In Hawaiian mythology there exists a tale of two star crossed lovers. The beautiful princess Naupaka fell in love with a mere commoner by the name Kaui. Despite their unequivocal love, the two knew they could never get married and so with great strain decided to part ways. While Naupaka belonged to the mountains of Hawaii, Kaui resided near the ocean. Upon her departure, Naupaka offered him half of the flower she wore in her hair. It was the last the two saw of each other. The next day, the plants of the island were so troubled and overturned with sadness that they only bloomed in half flowers as a symbol of their mourning for the departed lovers. The flowers bloomed in a variety of colors.

Thus, the well known Naupaka flowers with its design resembling that of a “half flower” bloomed for all of eternity across the island of Hawaii in remembrance of their lost love.

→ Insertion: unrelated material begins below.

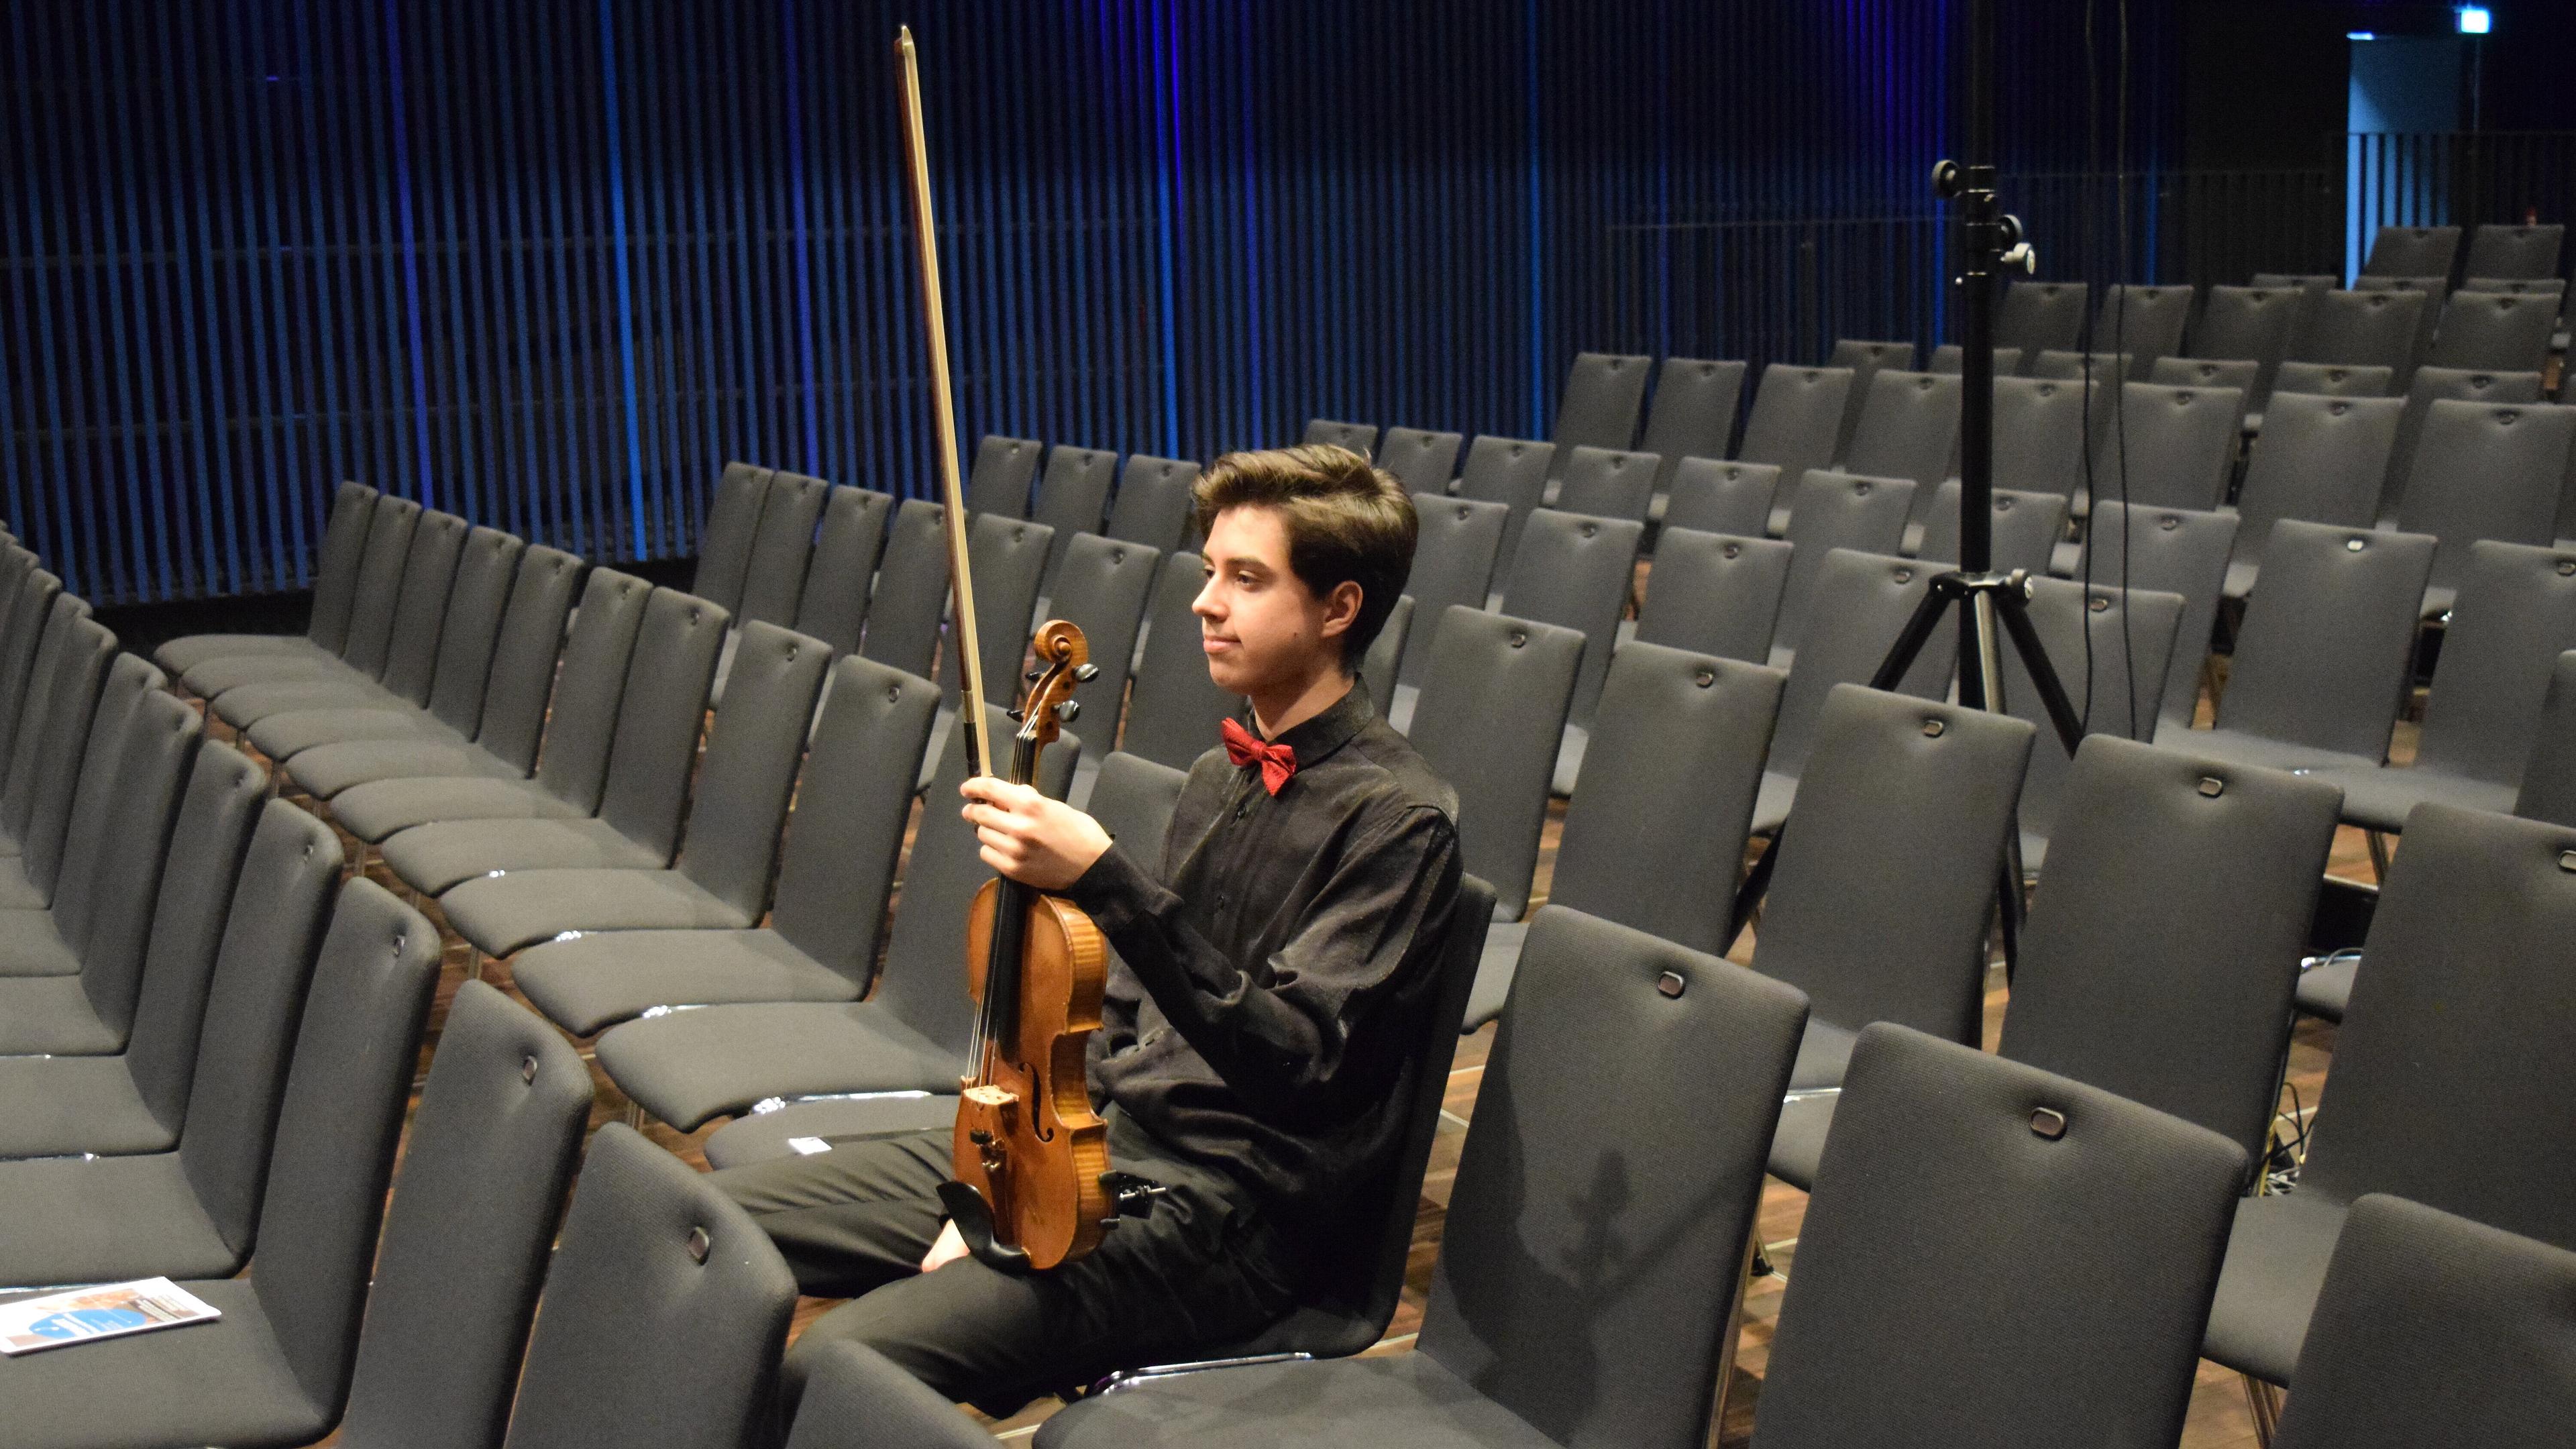 Jugendliche Person in Konzertkleidung hält eine Geige in der Hand, sitzt allein in leeren Stuhlreihen und wartet.

And so it seems that even great mythologies acknowledge that suffering co-exists with refinement. Even nature cries out when love becomes a relic of a bygone age. As the great writer André Aciman states in one of his greatest novels, “We rip out so much of ourselves to be cured of things faster than we should that we go bankrupt by the age of thirty and have less to offer each time we start with someone new. But to feel nothing so as not to feel anything - what a waste!”. I believe what he meant was that the numbing of pain and its interrelation to indifference robs us of so much of ourselves. When something poetic is lost, do not kill the sorrow you feel. Instead, lend to it a flower or a piece of you that in its own faultless time will transfigure into something remarkable. For the princess and Kaui, it was the Naupaka flowers of Hawaii.